The scalability issue is ameliorated but the key point lies in whether quality is guaranteed in the meantime. Therefore, the performance of TDCIM for different numbers of users (3094, 6162, 9148, 12,190, 15,236) and with different numbers of servers (1, 2, 3) are analyzed using the data in Section 5.1. About 130 threads are allocated for each server automatically. The results are shown in Figure 17 and Figure 18 respectively. It can be seen that the performance is slightly sensitive to the number of users in Figure 17 and the fluctuation is about 10−3. What’s more, the performance does not become worse with more users and the difference is caused by the data randomly. The performance remains virtually unchanged with different numbers of servers for different numbers of users in terms of all evaluation criteria shown in Figure 18. The fluctuation is about 10−5 and the exclusive maximal different is about 10−3 for 6162 users in terms of coverage (Figure 18e). This means that recommendation quality is guaranteed with the MinHash scheme and the distributed system. In other words, TDCIM contributes to the performance of online novel recommendation not only with regard to the recommendation quality but also to scalability.

6. Conclusions and Future Works

The interests of the majority of users who read online novels remain stable over a certain period. However, there are broad categories in the initial recommendation list obtained by collaborative filtering. That is to say, there are many inappropriately recommended novels. Meanwhile, most algorithms make an assumption that users can provide an explicit preference, however, the online novel reading preference of one reader is implicit in most cases. To solve these issues, a tag-driven algorithm with collaborative item modeling is proposed for online novel recommendation. The algorithm has the following contributions:
  • Data sparsity and recommendation personalization are considered in an item-based approach, which is more effective than a user-based approach for online novel recommendation.
  • Inaccurate preference rating and the lack of preference degree are solved by latent preference rating according to the difference between online novel reading and traditional book marketing.
  • A punishment mechanism based on novel popularity is considered, ameliorating the Matthew effect and the long tail effect for online novel recommendation.
  • A user’s interest remains stable over the short term and can be reflected adequately by novel tags. Consequently, performance is greatly improved by the tag-driven algorithm with collaborative item modeling.
  • The proposed algorithm contributes to the performance of online novel recommendation not only with regards to recommendation quality but also to scalability.
The proposed algorithm is based on collective intelligence, which still causes the cold-start issue. The reading behaviors of a new novel are few, or even none.
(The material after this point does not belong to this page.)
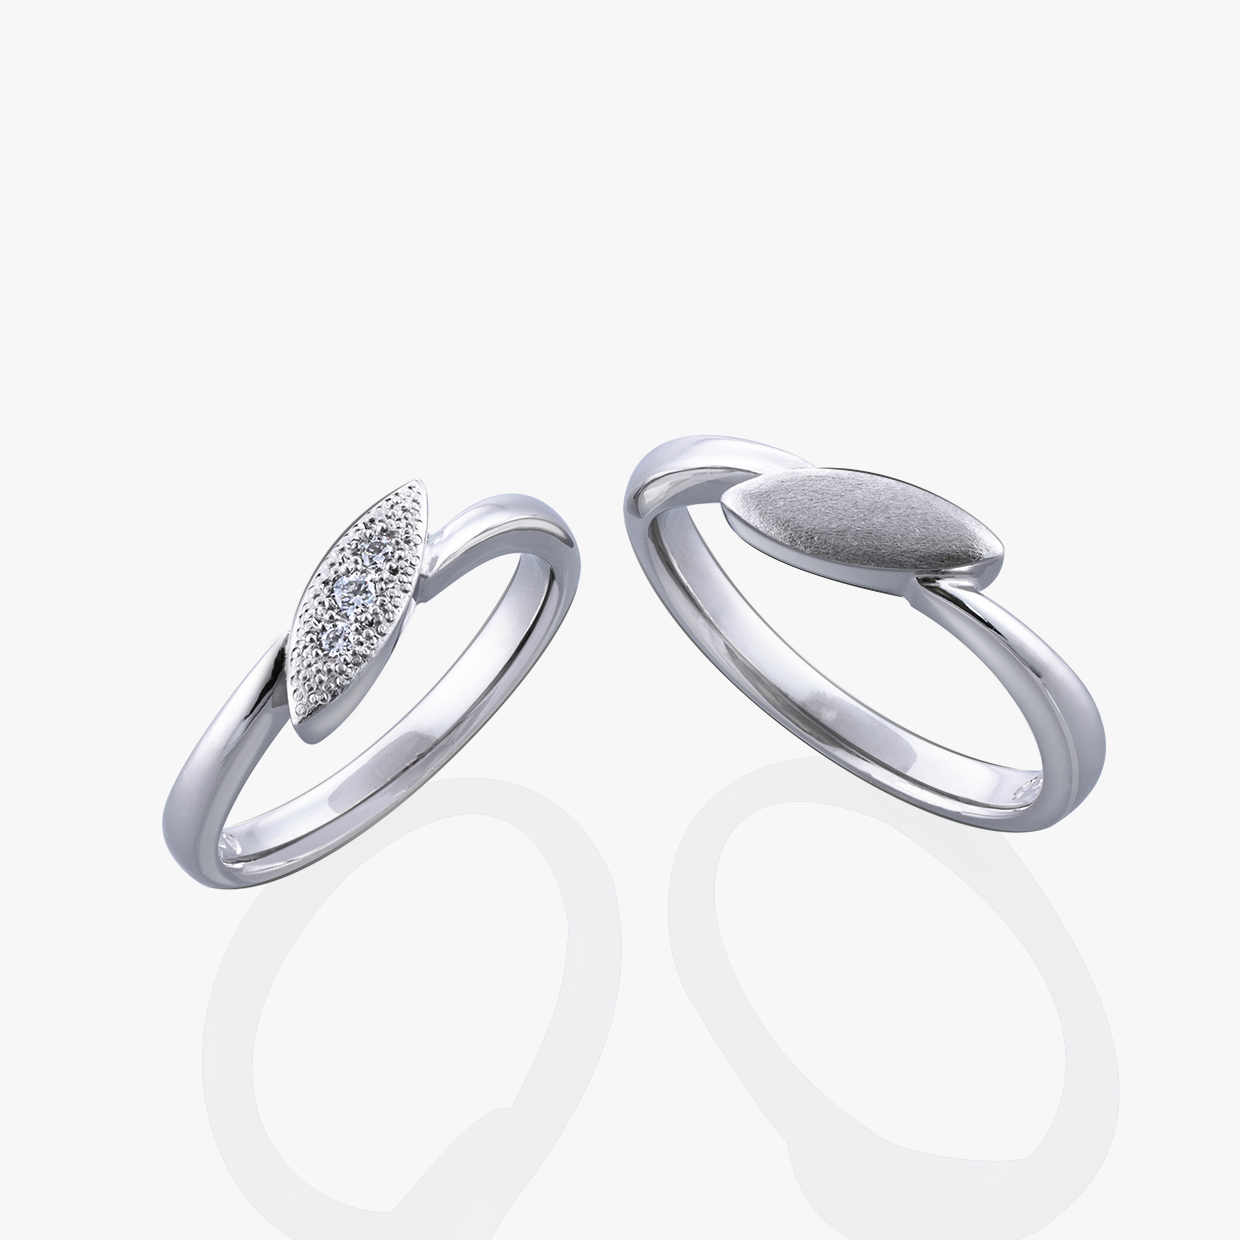 ダイヤモンドのリングと婚約指輪 04

In this case, similarities between this novel and other novels are extremely low. Accordingly, the probability of this novel being recommended is small. Therefore, it is difficult to recommend new novels. In addition, recommendation precision is extremely poor. These problems need to be studied further.

Acknowledgments

This work is being supported by the Science and Technology Program of Guangzhou (No. 201806020075), the Fundamental Research Funds for the Central Universities (No. 2017BQ024) and the Natural Science Foundation of Guangdong Province (No. 2017A030310428).

Author Contributions

Zhaosheng Lin and Zhenyu Wang conceived problem definition and theoretical analysis; Fenghuan Li and Zhaosheng Lin designed and performed the experiments; Fenghuan Li analyzed the data and wrote the paper. All authors have read and approved the final manuscript.

Conflicts of Interest

The authors declare no conflict of interest.

References

  1. Tan, S.L.; Bu, J.J.; Chen, C.; Xu, B.; Wang, C.; He, X.F. Using rich social media information for music recommendation via hypergraph model. ACM Trans. Multimed. Comput. Commun. Appl. 2011. [Google Scholar] [CrossRef]
  2. Carrer, N.W.; Hernández, A.M.L.; Valencia, G.R.; Francisco, G.S. Social knowledge-based recommender system. Application to the movies domain. Expert Syst. Appl. 2012, 39, 10990–11000. [Google Scholar] [CrossRef]
  3. Barragáns, M.A.B.; Costa, M.E.; Burguillo, J.C.; Marta, R.L.; Fernando, A.M.F.; Ana, P. A hybrid content-based and item-based collaborative filtering approach to recommend TV programs enhanced with singular value decomposition. Inf. Sci. 2010, 180, 4290–4311. [Google Scholar] [CrossRef]
  4. Crespo, R.G.; Martínez, O.S.; Lovelle, J.M.C.; Bustelo, B.C.P.G.; Gayo, J.E.L.; Patricia, O.D.P. Recommendation system based on user interaction data applied to intelligent electronic books. Comput. Hum. Behav. 2011, 27, 1445–1449. [Google Scholar] [CrossRef]
  5. Vaz, P.C.; David, M.D.M.; Martins, B.; Calado, P. Improving a hybrid literary book recommendation system through author ranking. In Proceedings of the 12th ACM/IEEE-CS Joint Conference on Digital Libraries, Washington, DC, USA, 10–14 June 2012; pp. 387–388. [Google Scholar]
  6. Tewari, A.S.; Kumar, A.; Barman, A.G. Book recommendation system based on combine features of content based filtering, collaborative filtering and association rule mining. In Proceedings of the IEEE International Advance Computing Conference, Gurgaon, India, 21–22 February 2014; pp. 500–503. [Google Scholar]
  7. Núñez-Valdéz, E.R.; Lovelle, J.M.C.; Martínez, O.S.; Vicente, G.D.; Patricia, O.D.P.; Carlos, E.M.M. Implicit feedback techniques on recommender systems applied to electronic books. Comput. Hum. Behav. 2012, 28, 1186–1193. [Google Scholar] [CrossRef]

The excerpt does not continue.